Below are records with pictures. Reproduce exactly the lines from the line with "Black cotton sweatshirt for boys" to the line with "Aegon International Tennis", inclusive, and leave each picture out.

(Beginning of Data supplied)

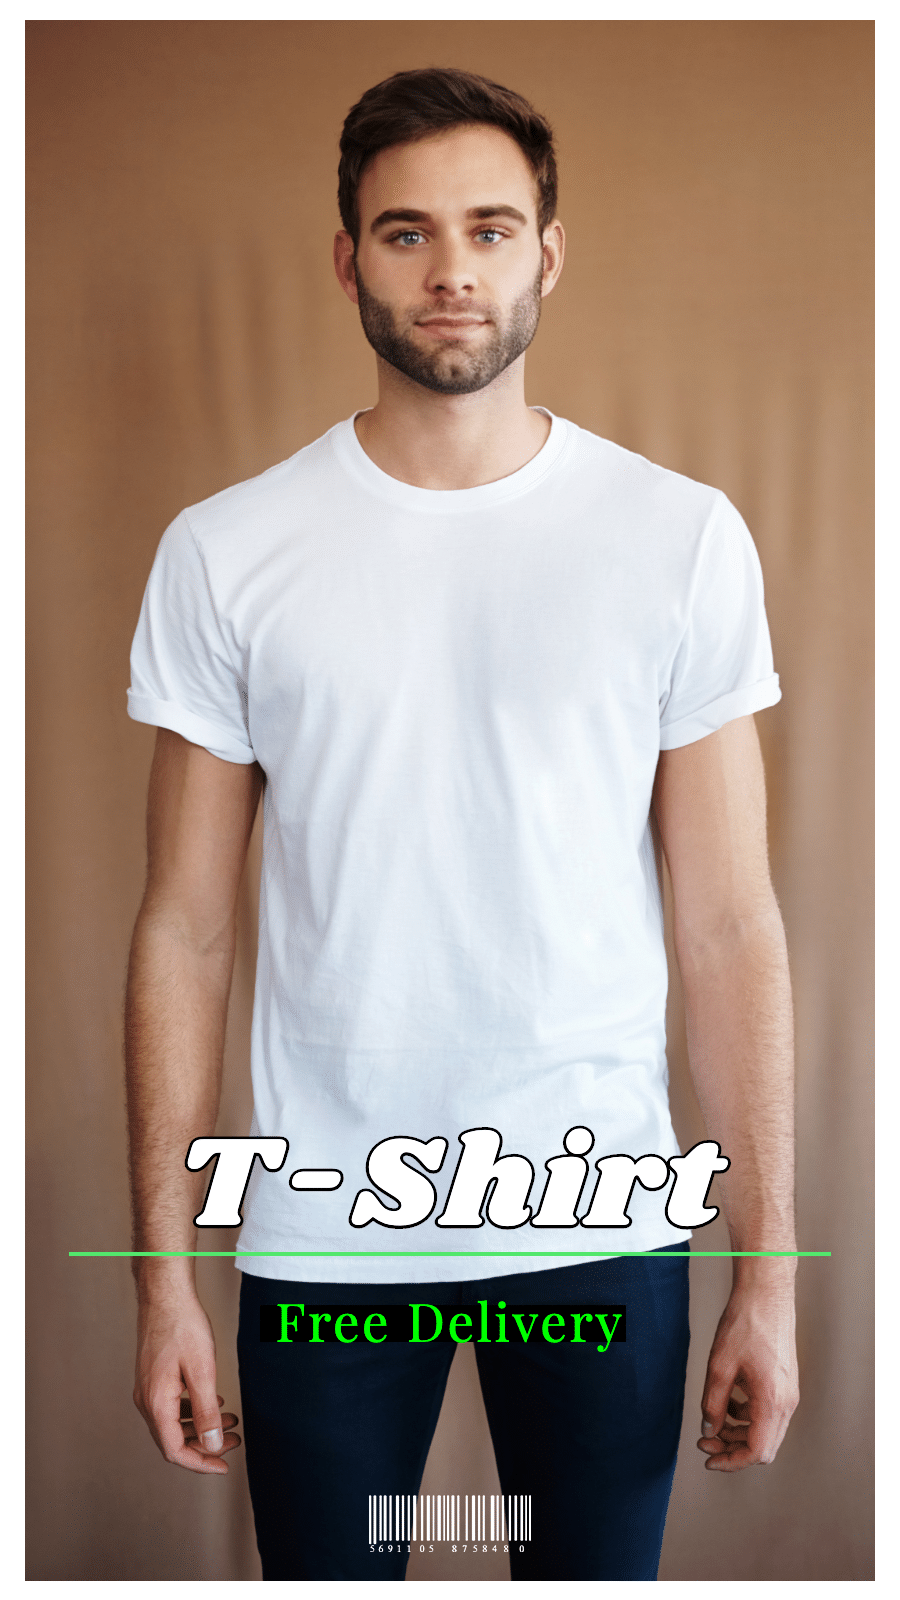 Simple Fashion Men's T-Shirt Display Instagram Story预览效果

(End of Data supplied)
(Beginning of Data supplied)

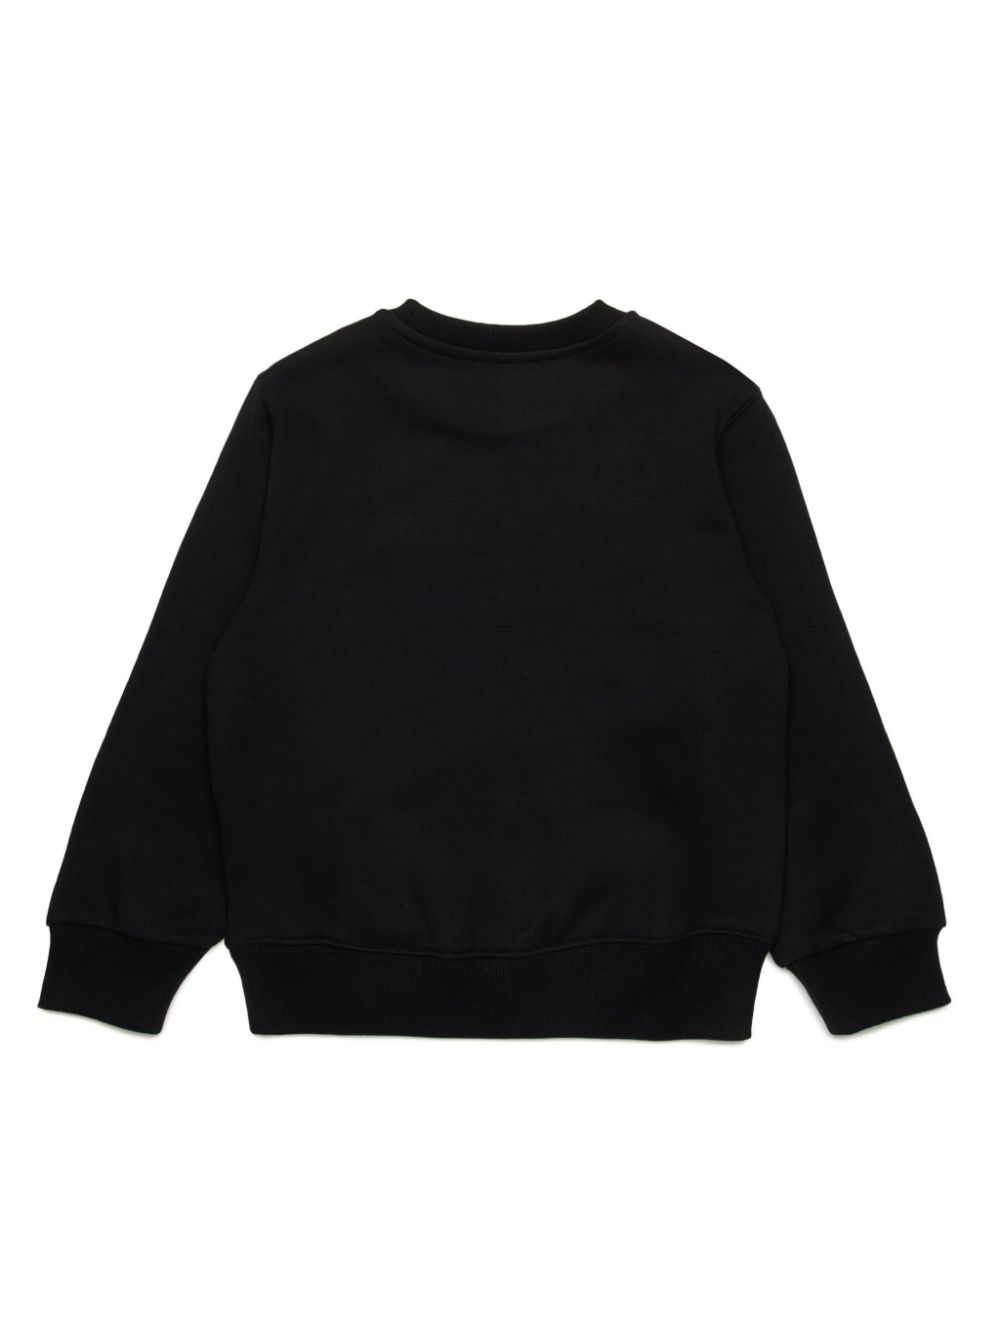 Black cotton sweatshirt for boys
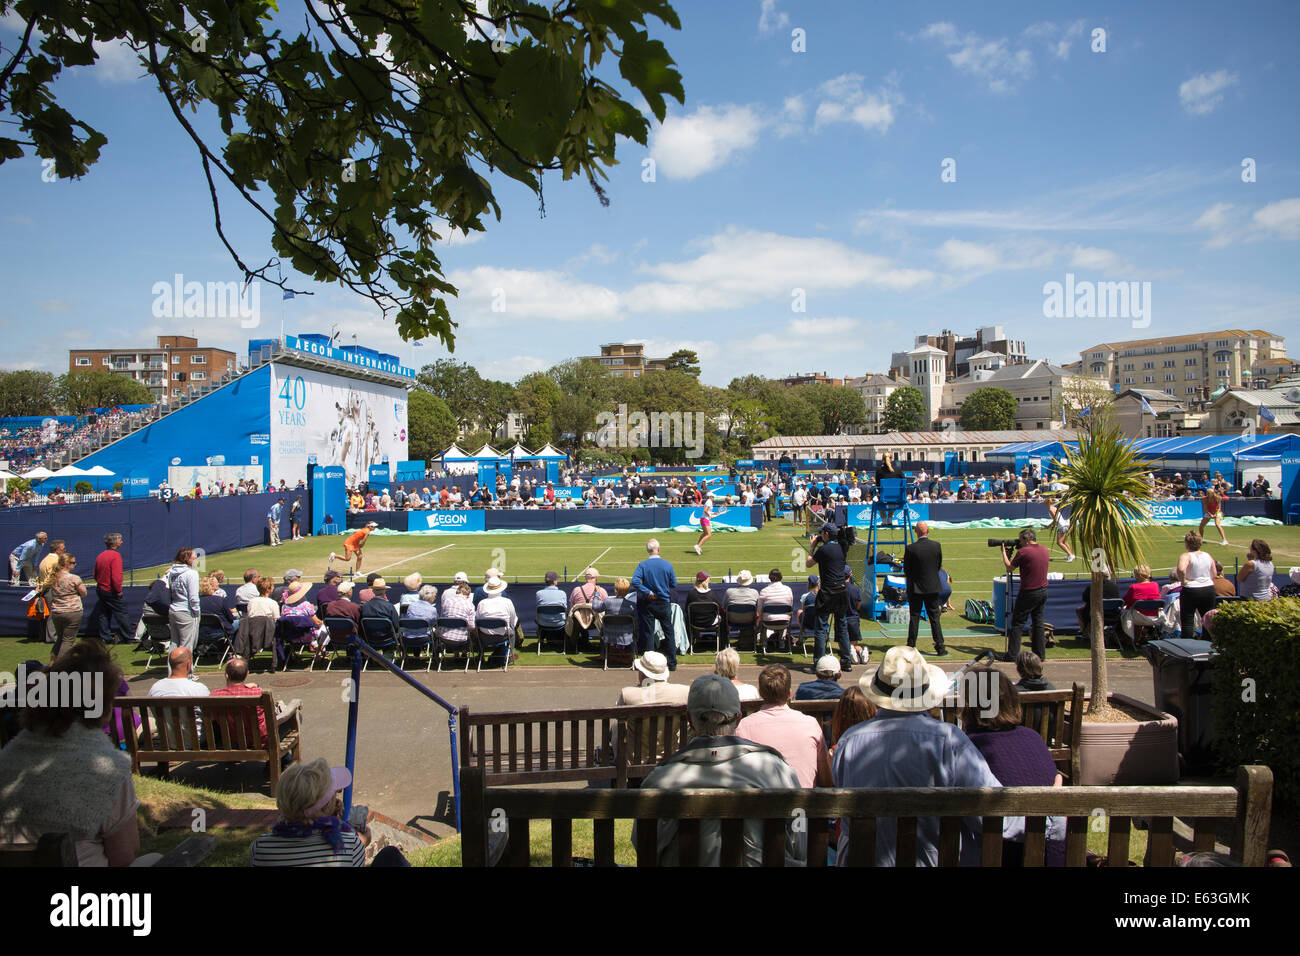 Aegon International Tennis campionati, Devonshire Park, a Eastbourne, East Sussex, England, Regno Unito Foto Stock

(End of Data supplied)
(Beginning of Data supplied)

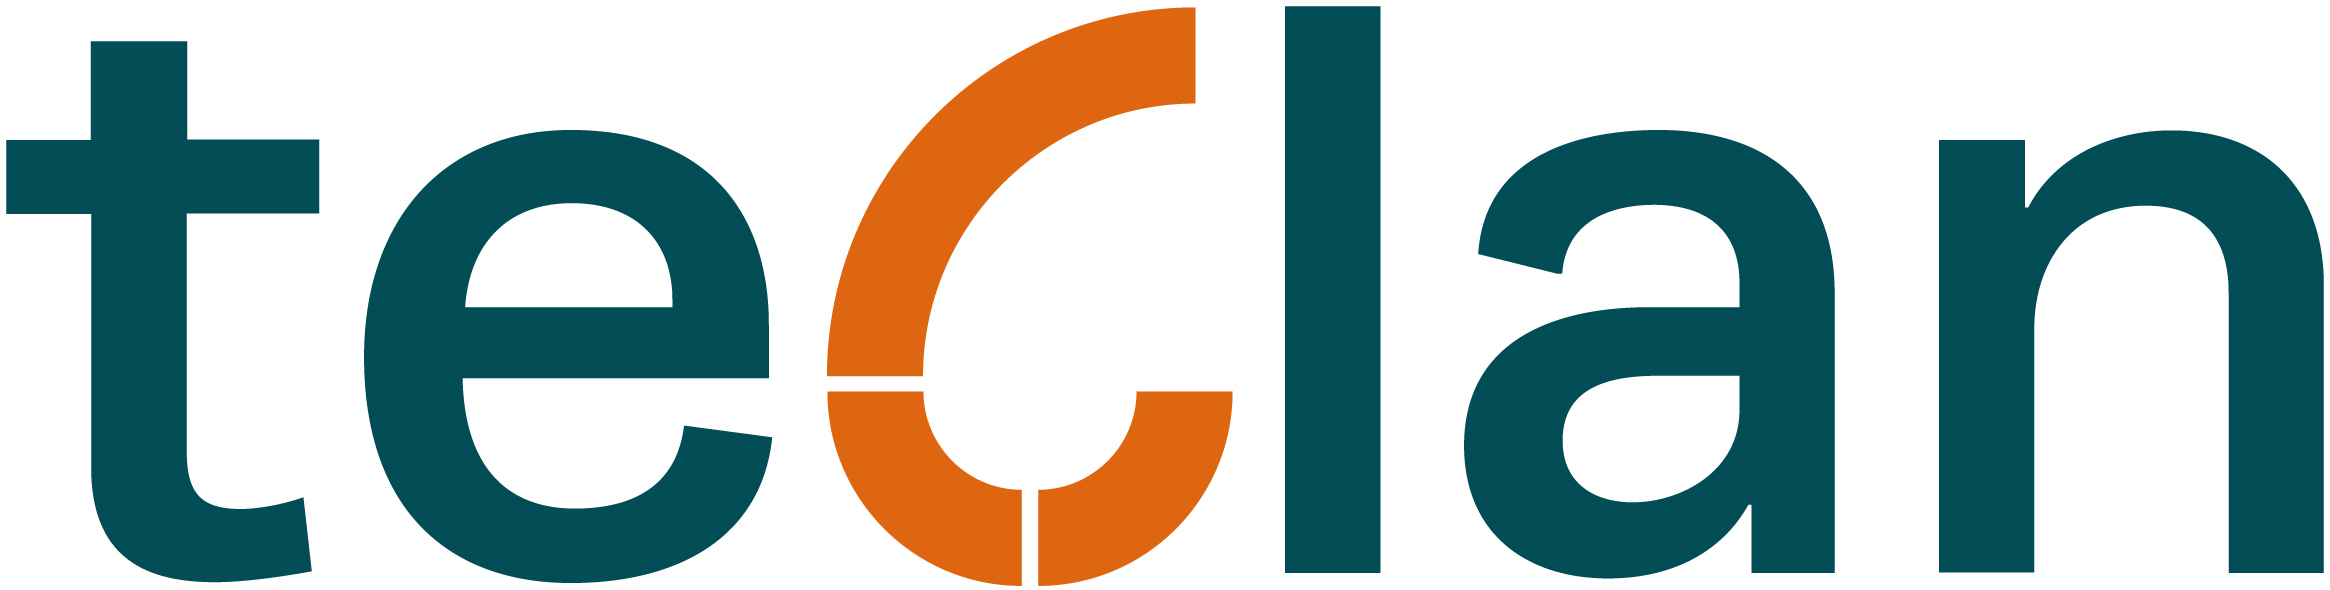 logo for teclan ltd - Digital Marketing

(End of Data supplied)

Written solution -
 Black cotton sweatshirt for boys
 Aegon International Tennis campionati, Devonshire Park, a Eastbourne, East Sussex, England, Regno Unito Foto Stock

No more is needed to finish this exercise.